Saturday, August 02, 2008

Into the Wild: Grade A

Into the Wild (2007)
Emile Hirsch, Marcia Gay Harden, William Hurt, Catherine Keener, Brian Dierker, Vince Vaughan, Jena Malone, Hal Holbrook. Co-writer (screenplay) and director Sean Penn.

A young man (Hirsch) leaves his wealthy suburban life in contemporary Atlanta, escaping his battling parents (Harden and Hurt), to pursue his fantasy of a hobo’s life “on the road.” He rides “third boxcar, midnight train.” He works in fast food joints and on a Kansas wheat farm. He kayaks down the Colorado river, hitches with truckers and stays with old hippies in a painted van (Keener and Dierker), until he finally makes it to Anchorage, where he vows to “live off the land,” free of society’s hypocrisy. Along the way he quotes Thoreau, Tolstoy, and great poets (being a recent university graduate). All this makes for a charming, if lightweight, adventure story.
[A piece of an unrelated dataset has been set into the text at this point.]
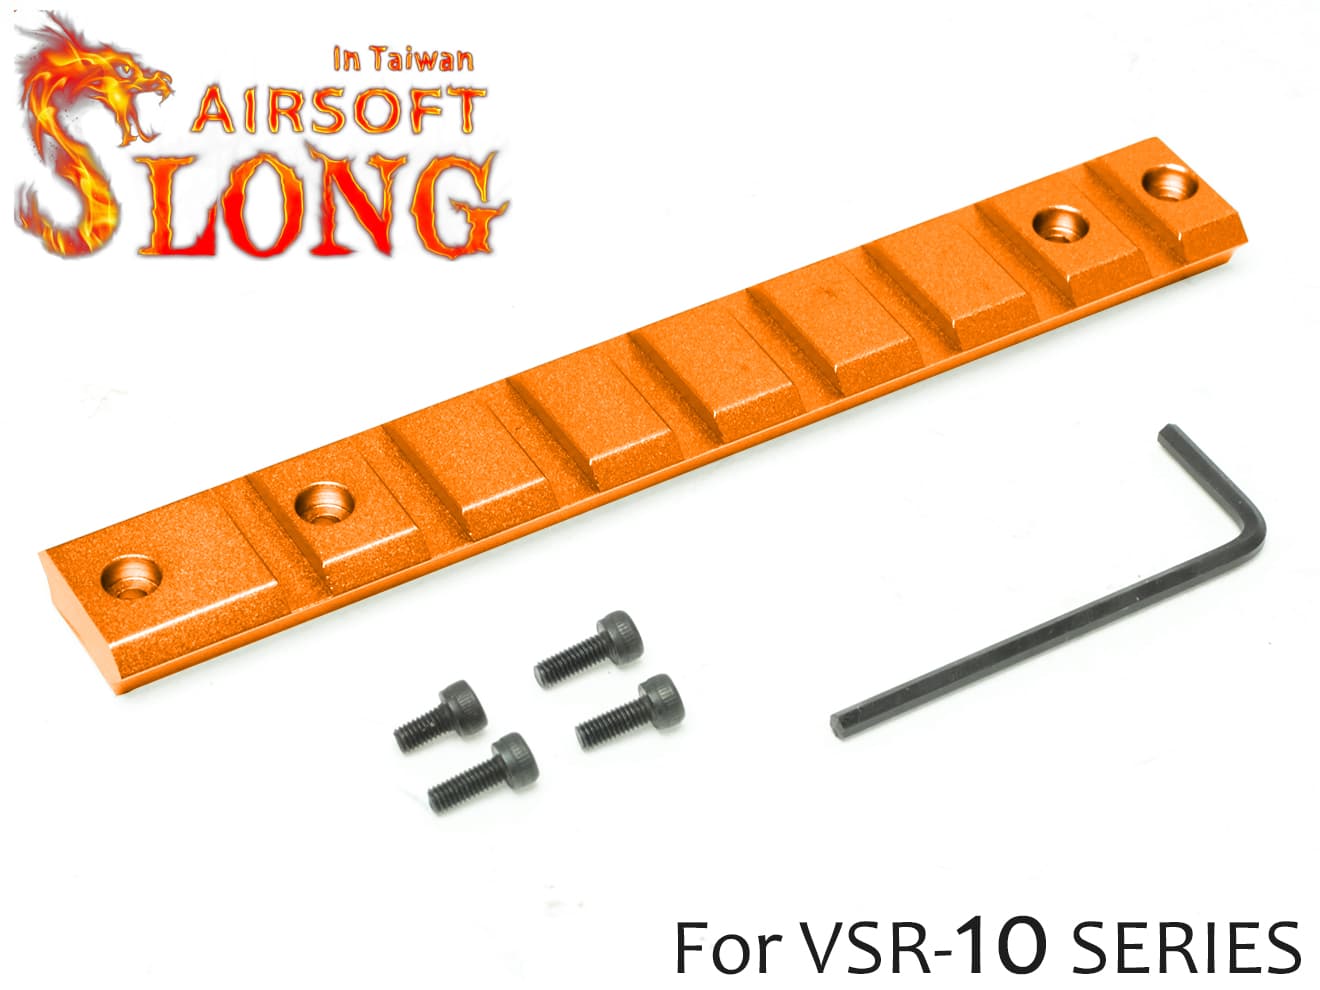 SLONG AIRSOFT VSR-10 スコープマウントレール◆OR 東京マルイ VSR10シリーズ対応 純正互換形状 リペア 補修 20mmレイル アルミ製 軽量化 オレンジ

The cinematography is stunning and original music by Pearl Jam’s Eddy Vedder (among others) is gripping. Penn’s directing is intense, thoughtful and nearly perfect. There are some groan-eliciting visual clich├ęs, such as the camera spinning around Hirsch’s uplifted face to indicate giddy happiness, and several scenes drag on, but these faults are overcome by the fine performances Penn gets out of his actors. Hirsch is a standout as the enthusiastic young man. More surprising are tremendous performances from Vince Vaughan (best I’ve ever seen him), and 83 year old Hal Holbrook, who is unexpectedly nuanced. Catherine Keener is as wonderful as she always is and it would have been nice to see more of her. Harden, likewise, gives 100% of her best stuff. Dierker, who I did not know, reminded me of a younger Donald Sutherland.

The young man embodies the idealism of youth, but aside from quoting poetry, he does not make a case that society is corrupt and best left behind. There is a vague suggestion that he is running away from an awful childhood, but that theme is not well-established. Stultifying voice-overs by his sister (Malone), distance us from him. At least it should have been his voice so he could explain to us what was on his mind. Without much insight into him, we can only say, here is a kid on an exuberant, youthful adventure (which ends badly for him, but that hardly matters for the bulk of the movie). Some of his remarks suggest an anti-intellectual tone, as when he says “just being” in nature is the highest good, yet he always has his nose in a book and he declares to Keener that he seeks “truth, not love.” Also, for such an attractive young man, he has no romantic interest, male or female, which seems odd. The point is that it is a superficial, well-worn story, watchable, but of little intrinsic interest. This is, above all, a movie about Sean Penn’s directing and for that it is well-worth seeing.